**Work task:**
Pictures stay out of the output. Return exactly the lines below from the one with "Помадка для укладки" down to the one with "feliz cumpleaños en", both included, and nothing more.

**Source material:**
BEGIN

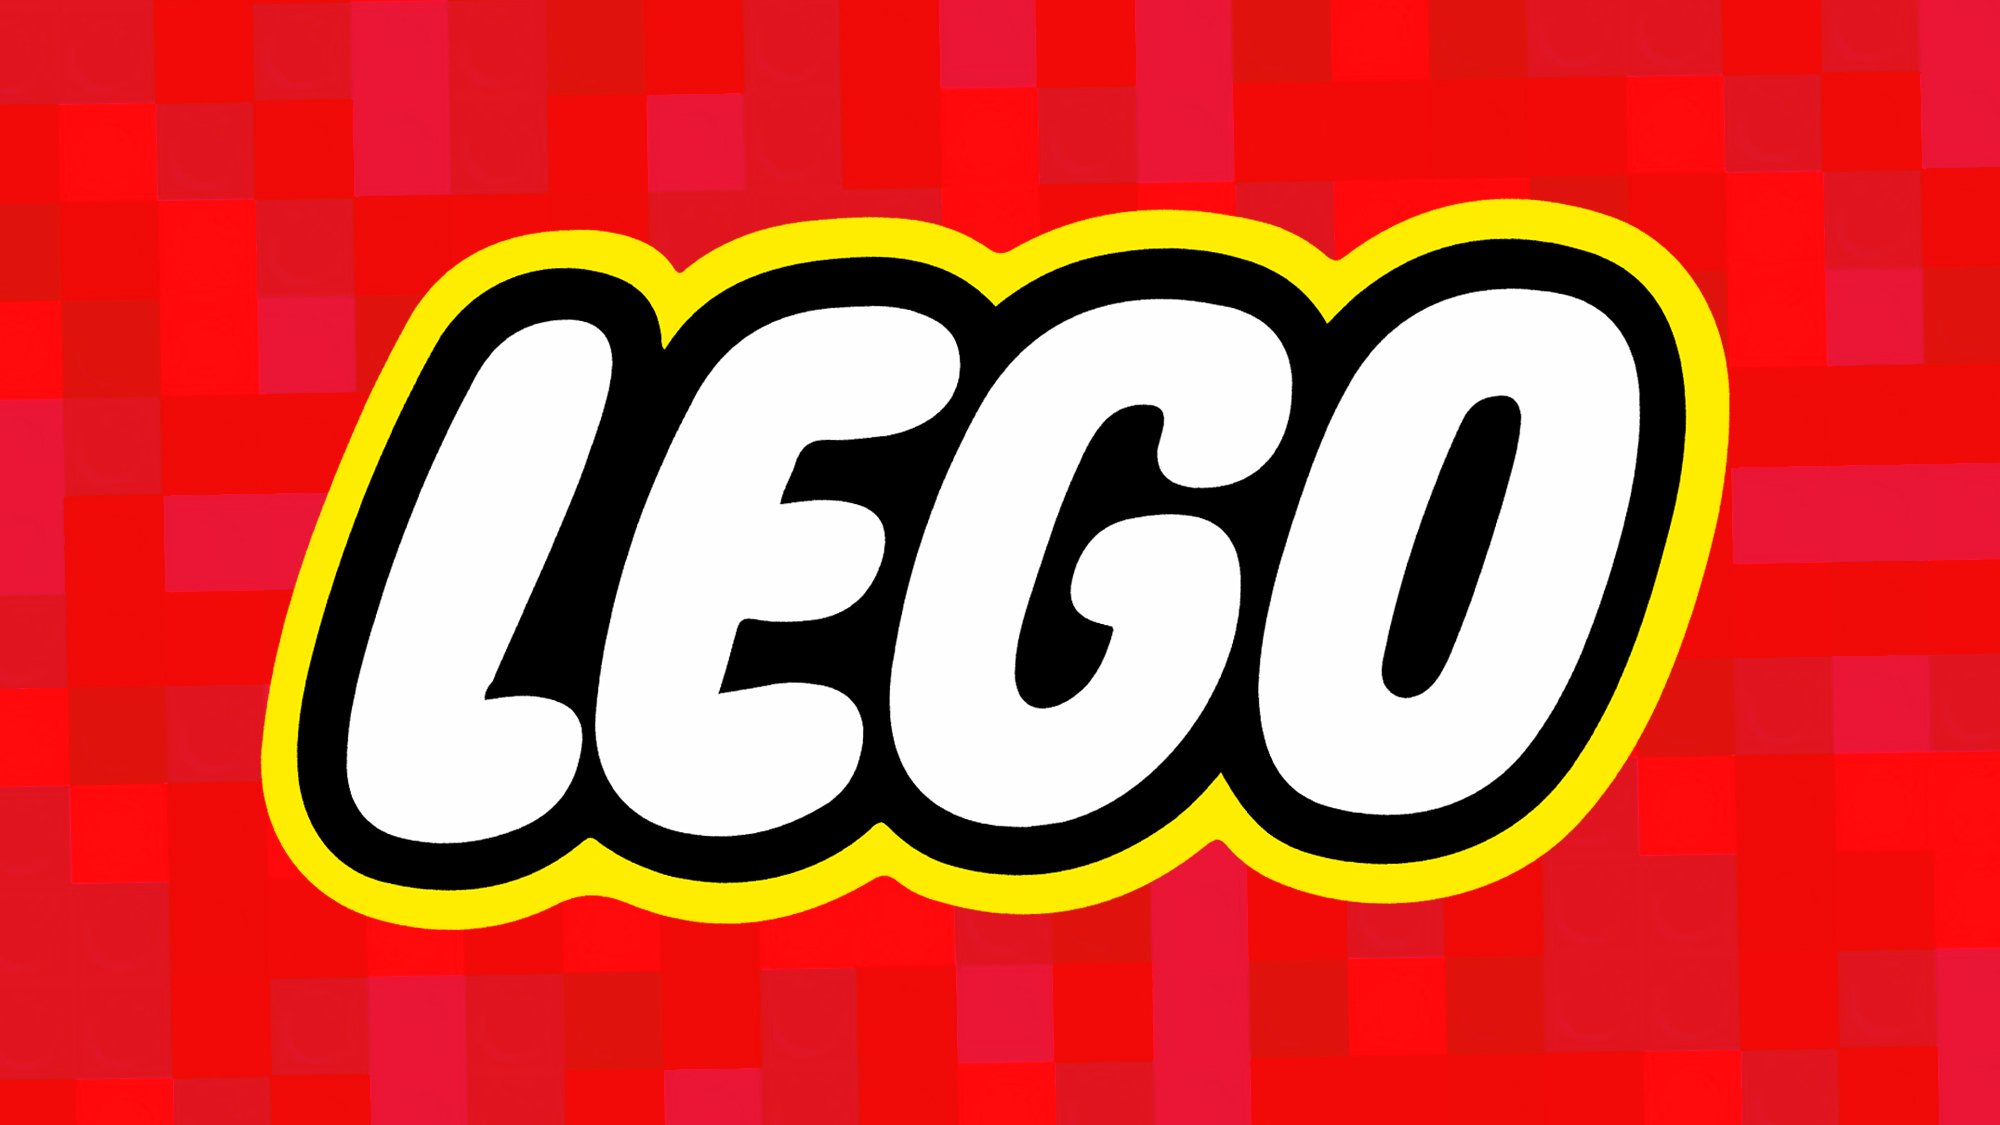 Chaussures de sport LEGO : les sorties d’avril 2024 avec des sets dingues de licences légendaires
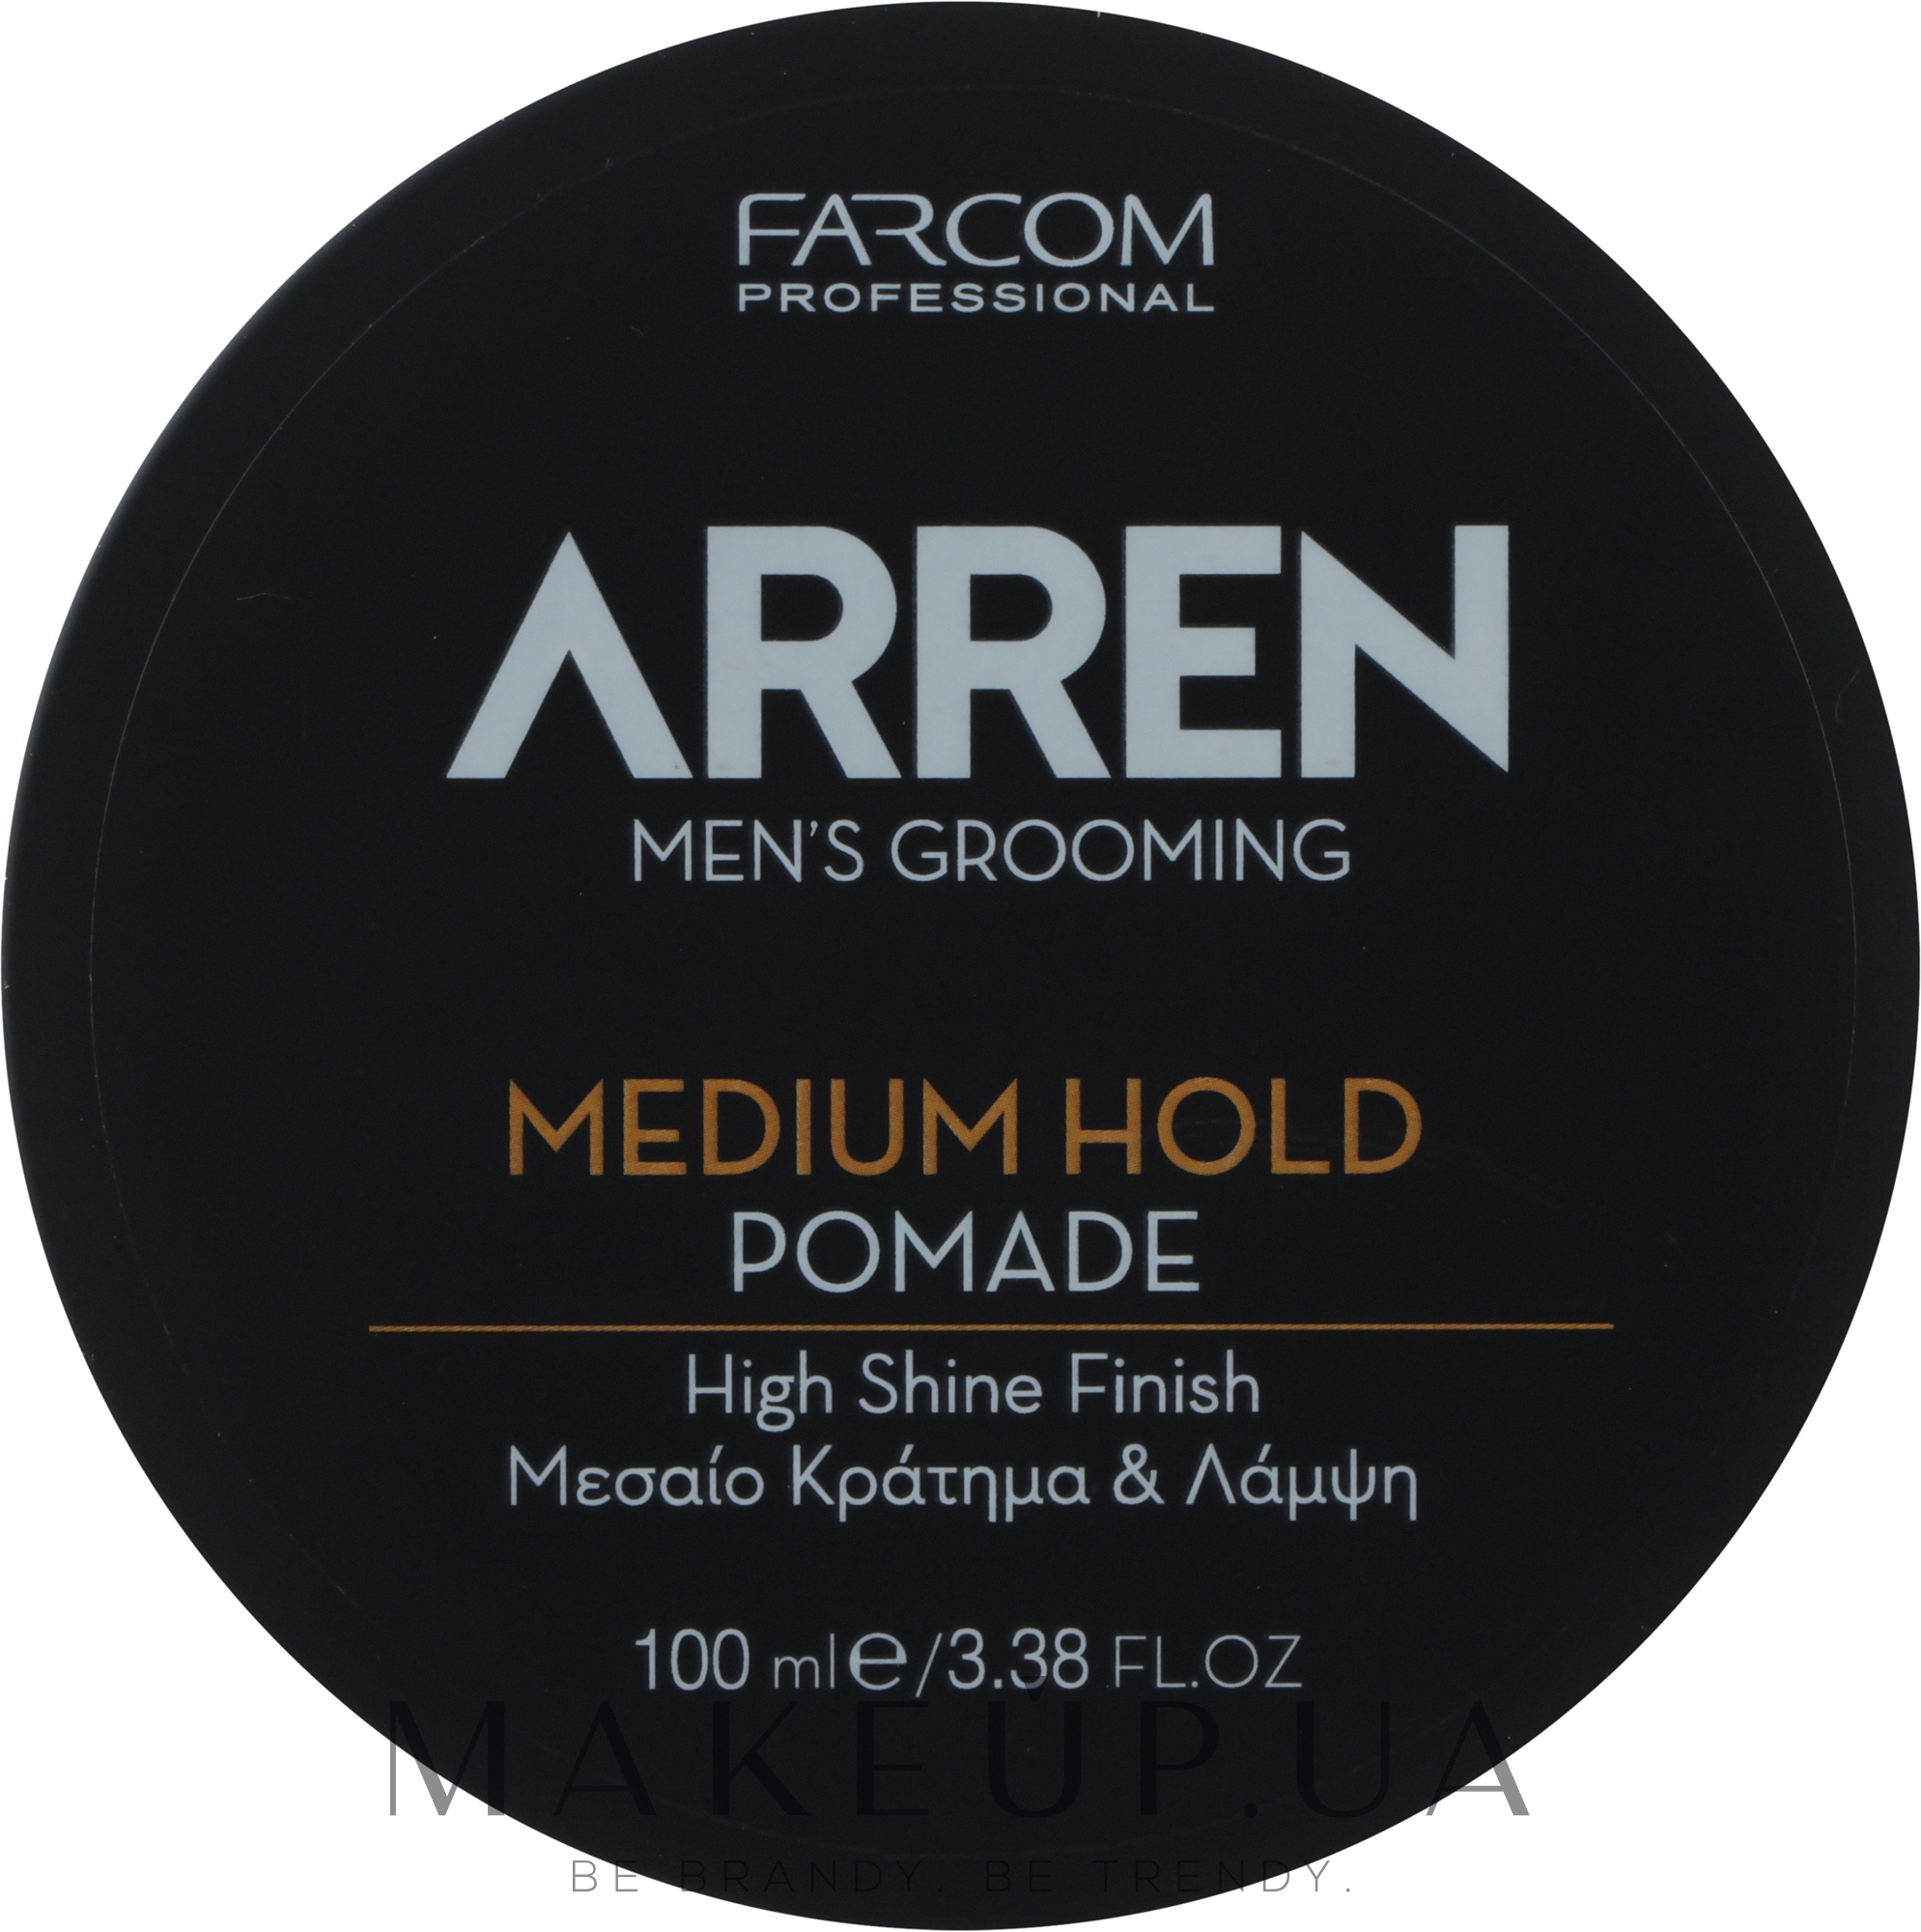 Помадка для укладки волос средней фиксации, глянцевая - Arren Men's Grooming Pomade Medium Hold — фото 100ml
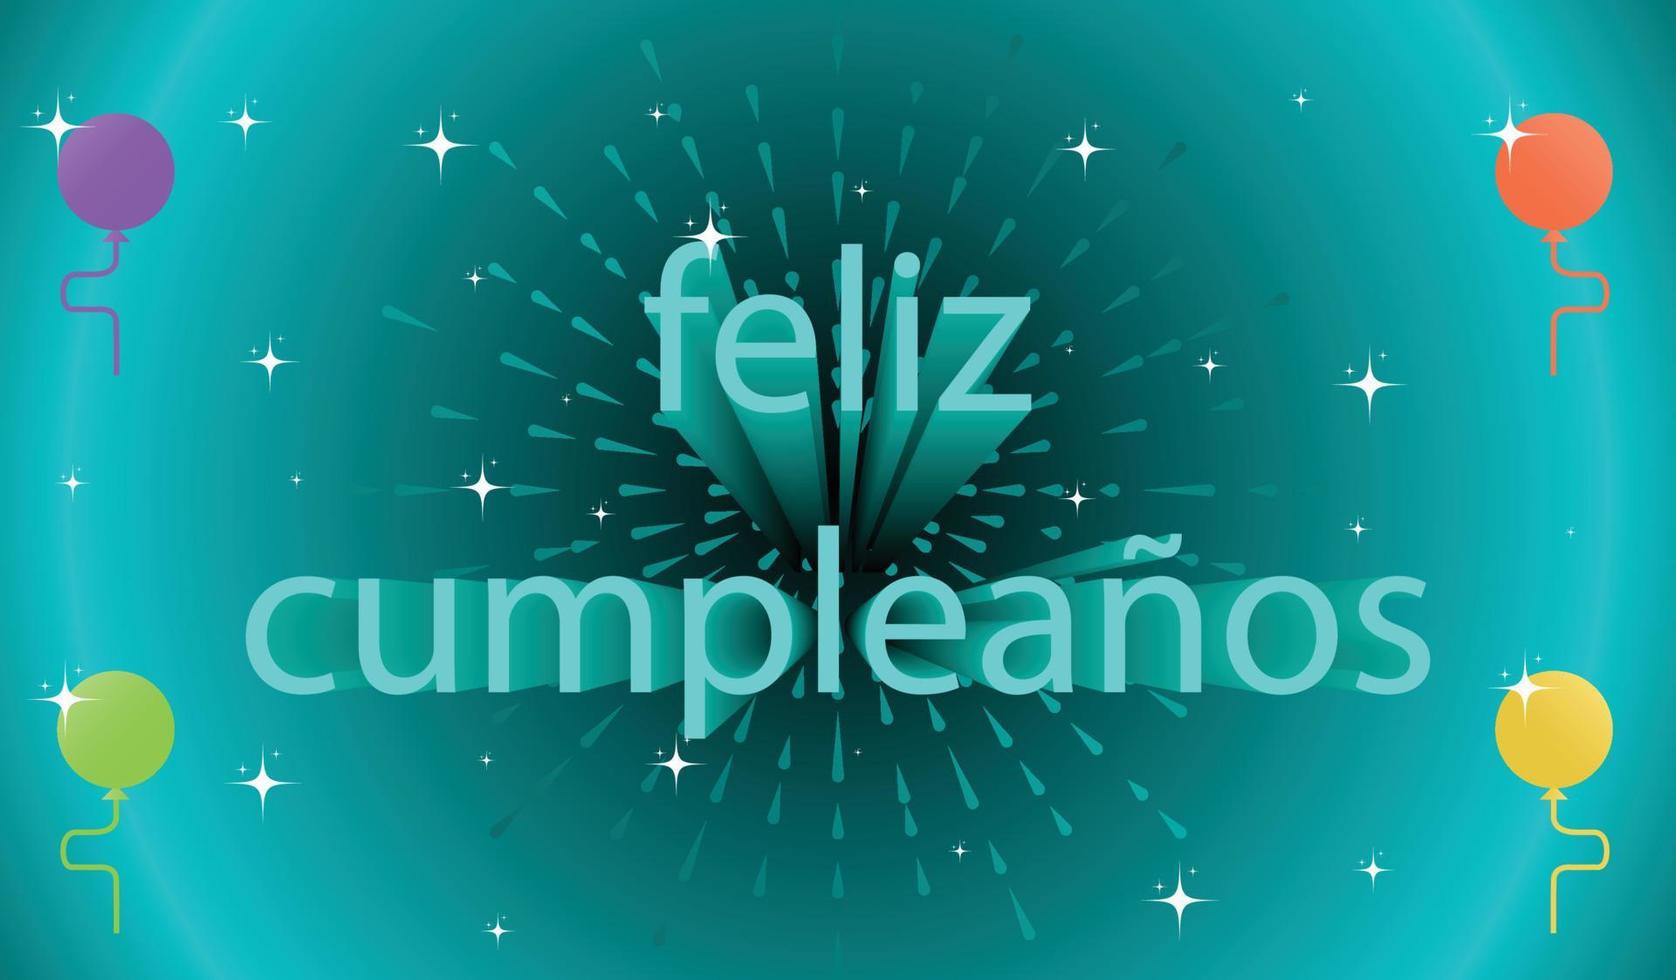 feliz cumpleaños en español, feliz cumpleanos ilustración con texto rápido para plantillas de tarjetas de felicitación o invitación. vector
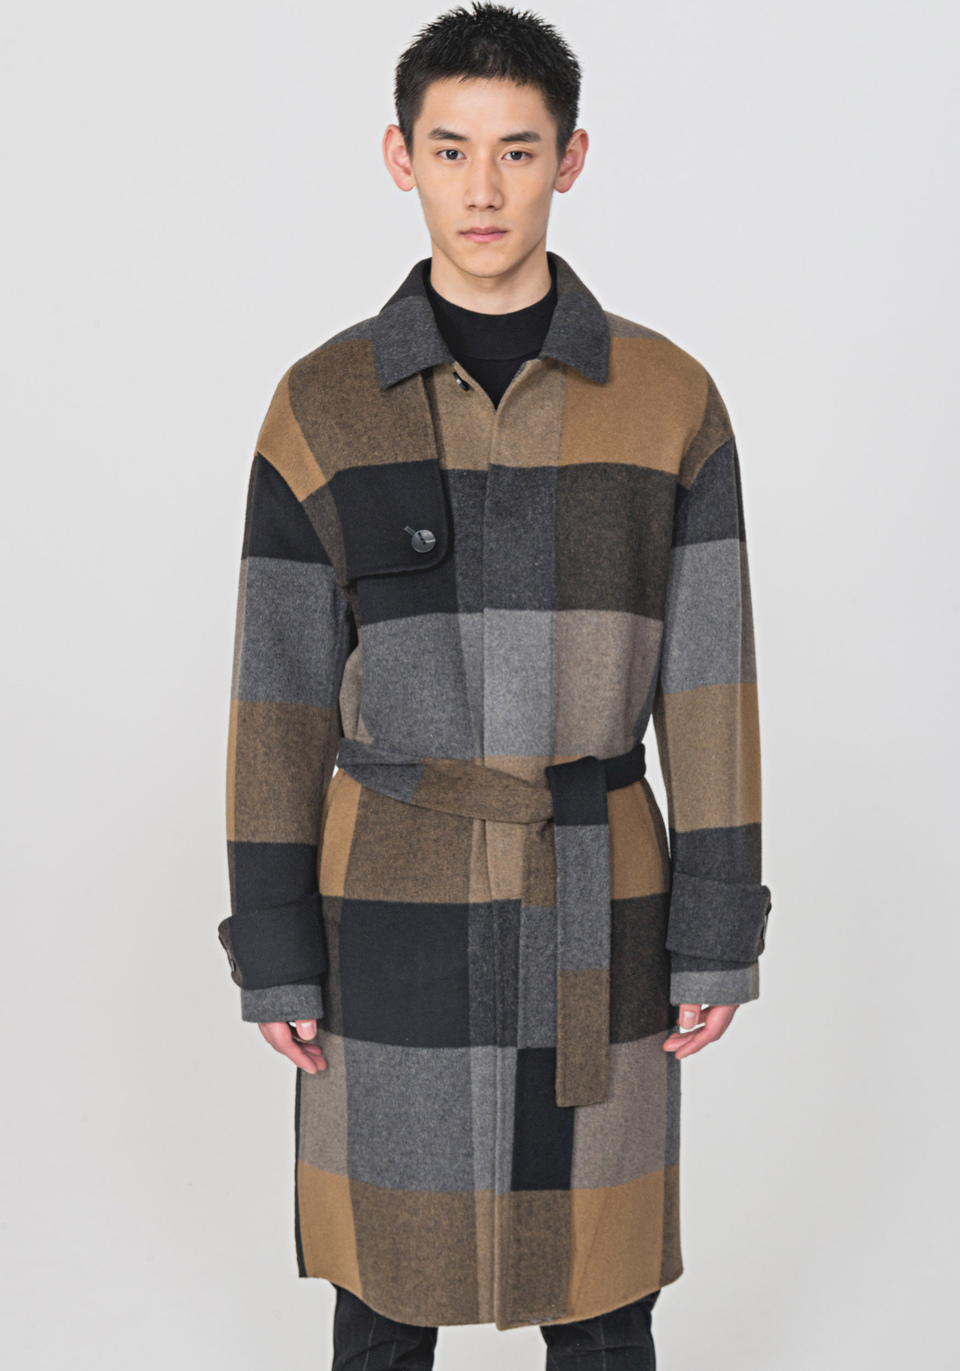 LONG COAT IN A SOFT WARM WOOL BLEND - Antony Morato Online Shop

END

**Answer for the task:**
 Помадка для укладки волос средней фиксации, глянцевая - Arren Men's Grooming Pomade Medium Hold — фото 100ml
 feliz cumpleaños en español, feliz cumpleanos ilustración con texto rápido para plantillas de tarjetas de felicitación o invitación. vector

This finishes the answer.